Administrators at an elite Sacramento, Calif., magnet school are apologizing profusely after students, staff and parents became upset about a racially charged science project linking race and IQ.
According to the Sacramento Bee, C.K. McClatchy High School’s fourth annual science fair featured a project entitled “Race and IQ.” The student who designed the project, described as a boy of Asian descent, is a participant in the accelerated Humanities and International Studies Program, or HISP, which was created to promote cultural awareness and sensitivity.
The project featured excerpts from five texts, including The Essential Kafir, a book published in 1904 that supported apartheid by arguing that black South Africans were intellectually inferior to whites. The related term “Kaffir” has long been derided as the South African equivalent of the n-word.

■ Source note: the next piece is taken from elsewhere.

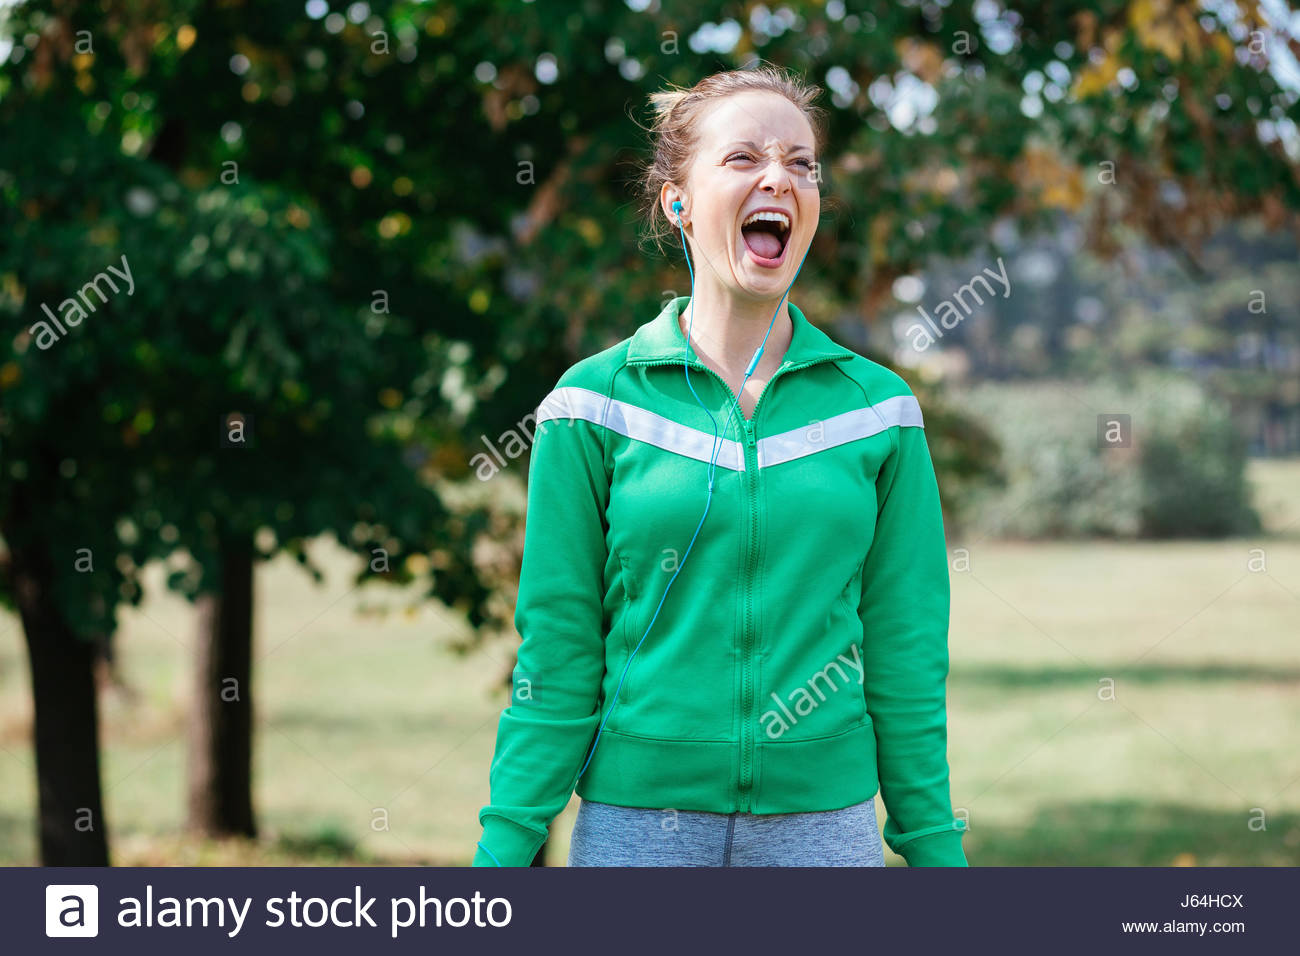 Frauen feiern ein Rennen zu gewinnen Stockbild

The student asked a handful of his fellow students to take an online intelligence quiz and used his results to justify why there were so few blacks and Hispanics in the HISP program. The school district says that the program currently has 508 students enrolled, including 12 African Americans, 80 Hispanics and 104 Asian Americans. The student researcher concluded:
[T]he lower average IQs of blacks, Southeast Asians, and nonwhite Hispanics means that they are not as likely as non-Hispanic whites and Northeast Asians to be accepted into a more academically rigorous program such as HISP. Therefore, the racial disproportionality of HISP is justified.
Connecting race and IQ through science has a long history that stretches back to the Racial Integrity Act of 1924, which used eugenics to turn the “one-drop rule” into law. More recently, white supremacists have used Charles Murray’s scientifically discredited The Bell Curve to justify a relatively unknown movement called the “alt-right.” You’ve probably never heard of it, but trust me, it’s going to be huge.
To understand this phenomenon, one must understand that the “intelligence quotient” does not measure smarts. It measures a certain kind of intelligence. Ironically, the creator of the scale that is most used to measure intelligence, Alfred Binet, believed that these tests were an inadequate way to measure intelligence because they don’t factor in emotional intelligence or creativity.
Scientists know that the results of these tests are skewed in favor of certain socioeconomic groups and have nothing to do with genetics. For instance, studies show that kids adopted by rich parents score 15 points higher on IQ tests, and family income is one of the more accurate predictors of SAT scores, a test that was created to exclude certain minorities.
“I want to be clear that at McClatchy High School we promote and embrace an inclusive environment and way of thinking which excludes any form of discrimination,” wrote Peter Lambert, principal of McClatchy High, in an email to parents. “Many of you have asked me what our school is doing in response to this incident. I want you to know we are taking this incident very seriously and we will be reviewing the incident and implementing all measures as appropriate to provide a safe and inclusive environment for all of our students.”
To be clear, the idea that race is connected to intelligence is not a fringe idea. More than a decade ago, another California high school student wrote that a number of his classmates “lacked basic English skills” and there were “very few, if any,” Hispanic students in his honors classes, “despite the large number of Hispanic students that attend our school.”
That student eventually graduated and went on to become a prominent figure who helped craft the current presidential administration’s travel ban and immigration policy and is credited with creating Donald Trump’s “America first” slogan. His name is Stephen Miller.